Start of Exercise data

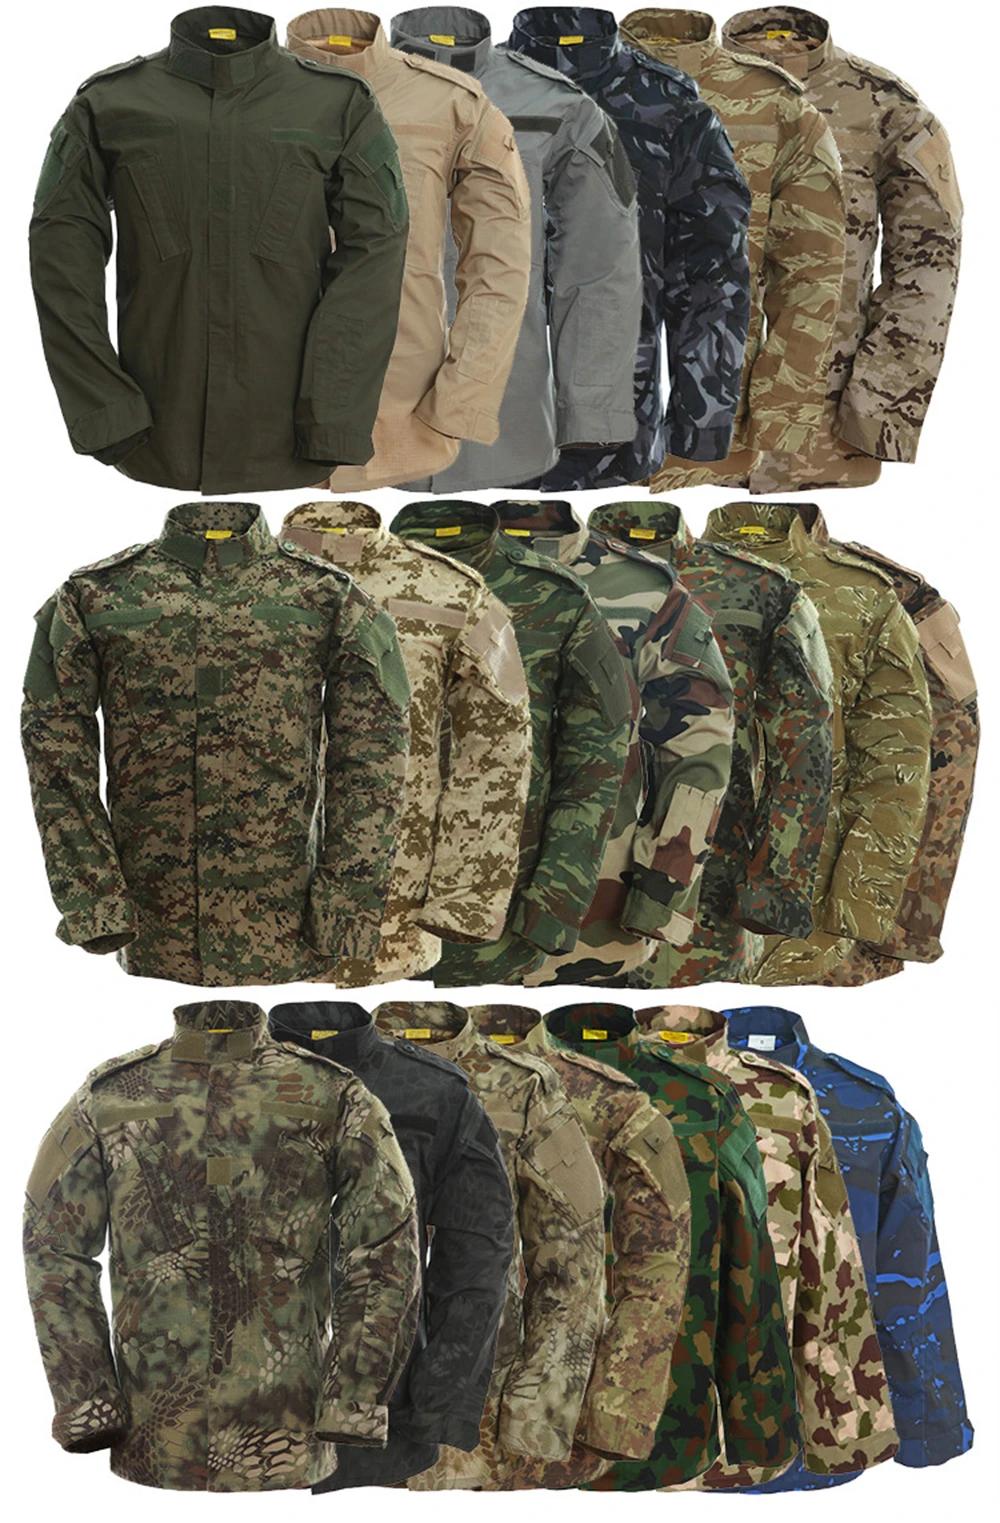 2 шт. мужской уличный спортивный камуфляж куртка брюки набор Военная тактическая одежда для охоты Кемпинг Туризм солдат обучение
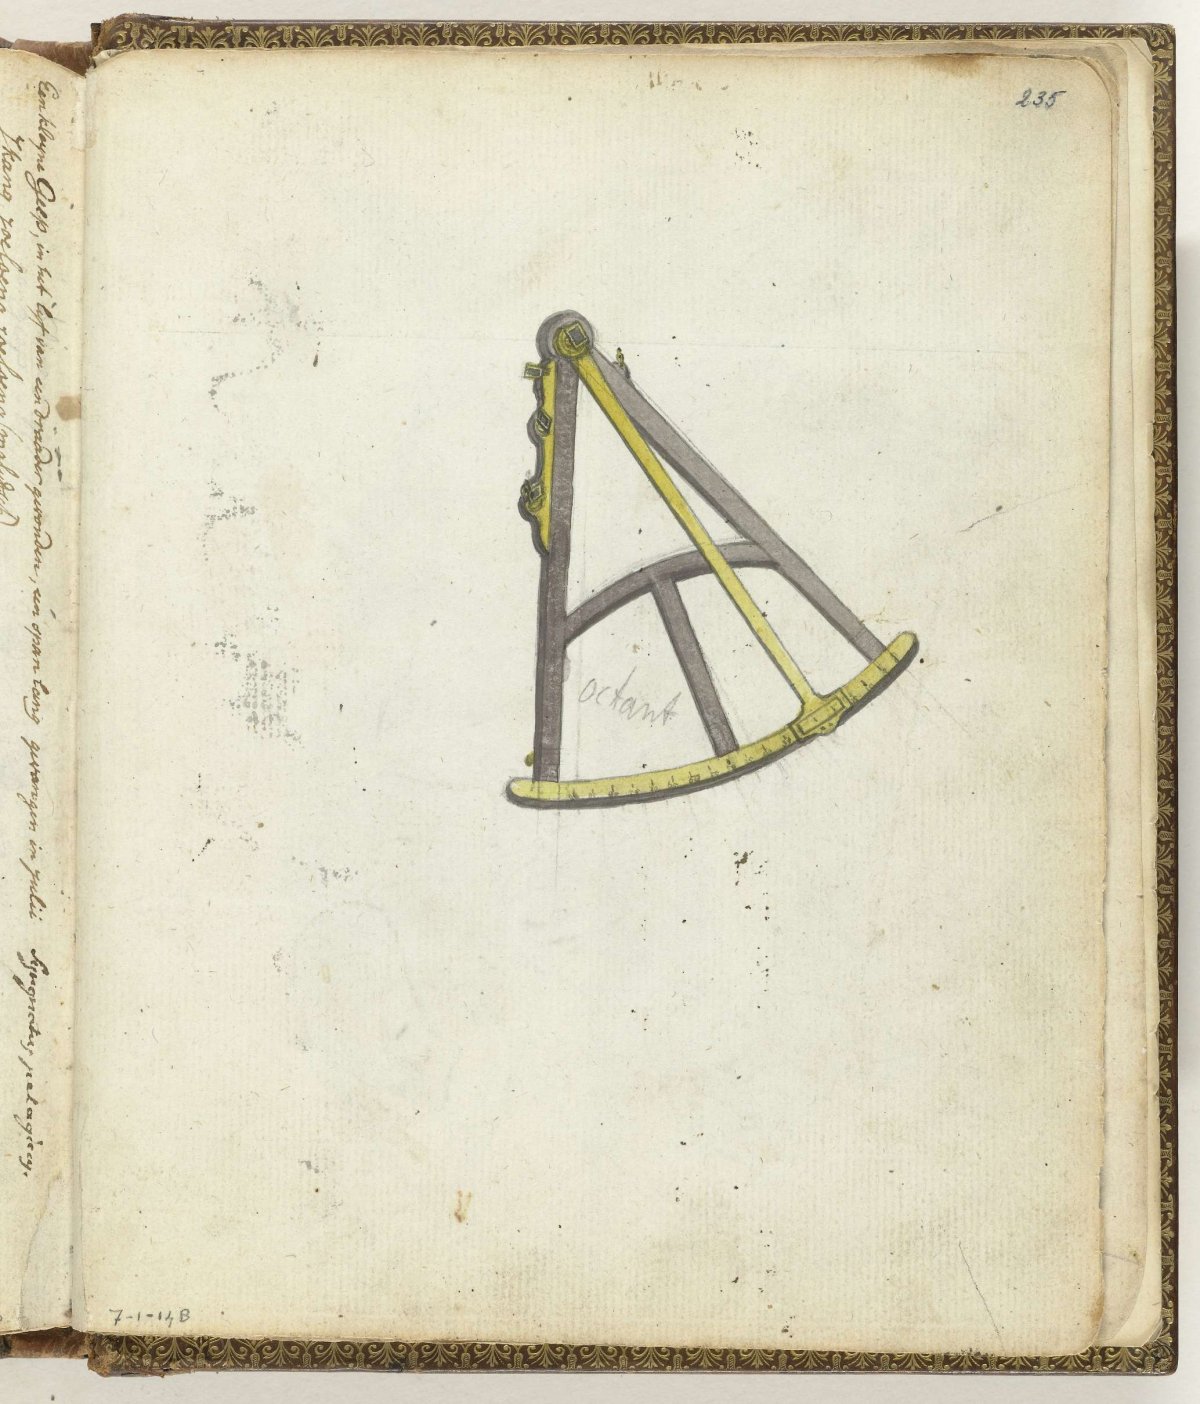 Octant, Jan Brandes, 1770 - 1808
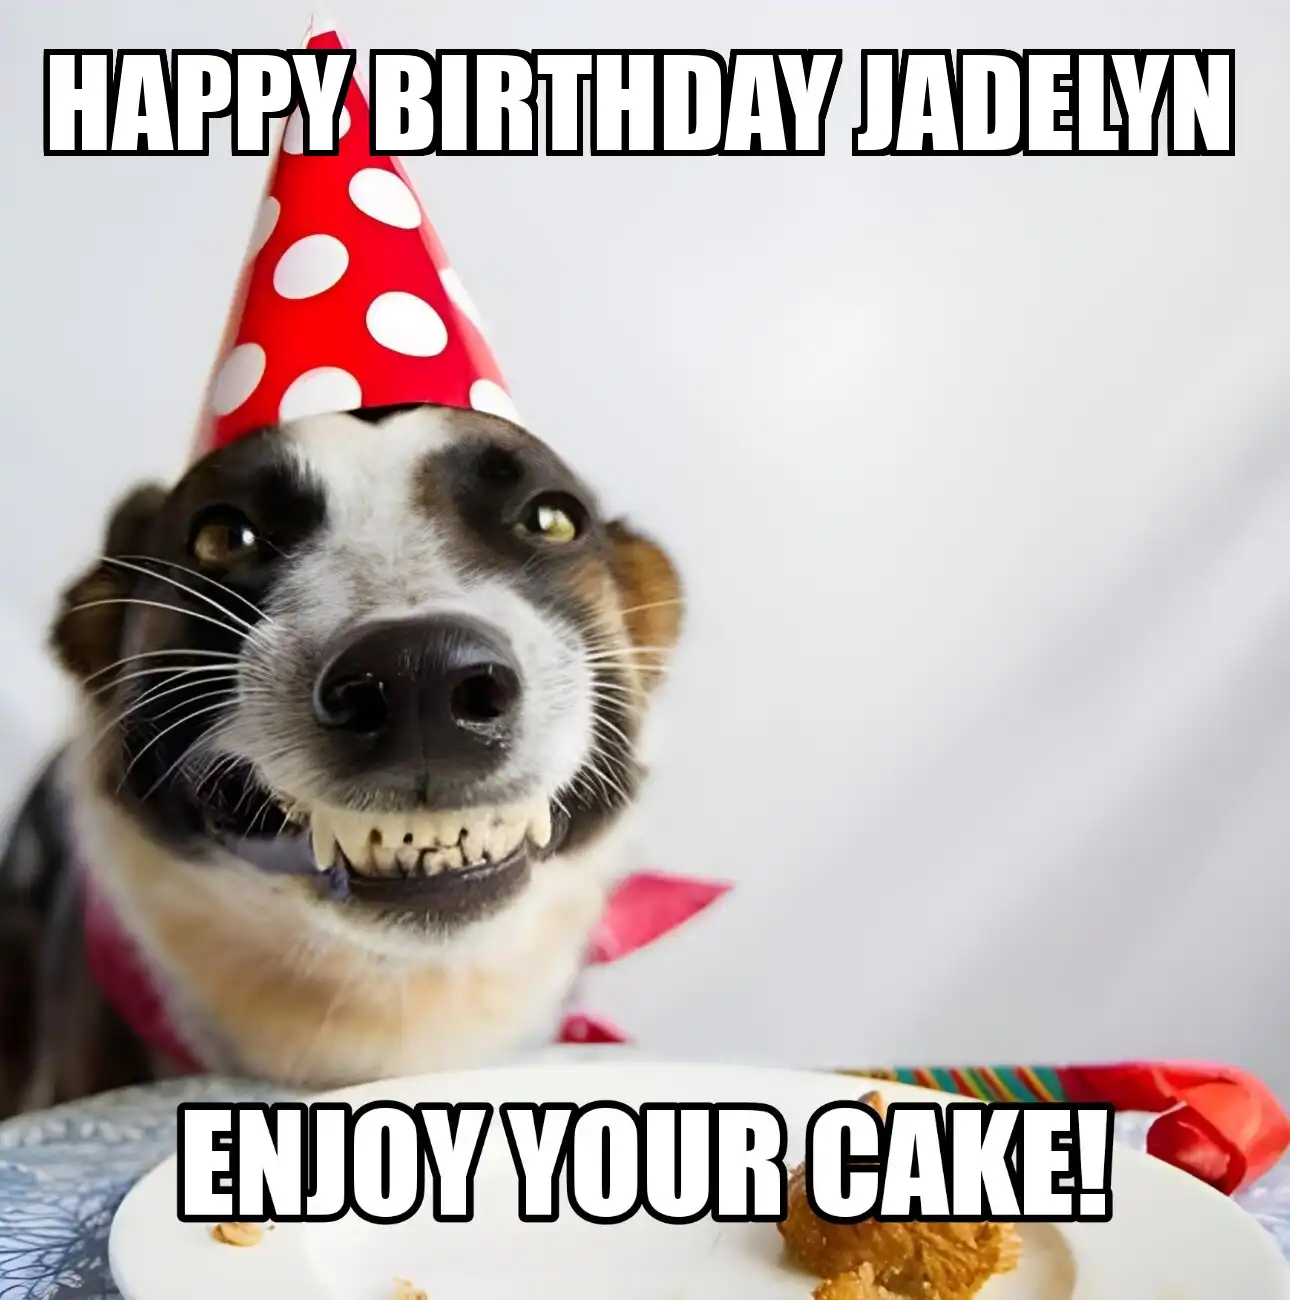 Happy Birthday Jadelyn Enjoy Your Cake Dog Meme

End of Exercise data

**Aim of the exercise:** Reproduce the data above in full, exactly, with the images removed.

**Result of this task:**
 2 шт. мужской уличный спортивный камуфляж куртка брюки набор Военная тактическая одежда для охоты Кемпинг Туризм солдат обучение
 Octant, Jan Brandes, 1770 - 1808
 Happy Birthday Jadelyn Enjoy Your Cake Dog Meme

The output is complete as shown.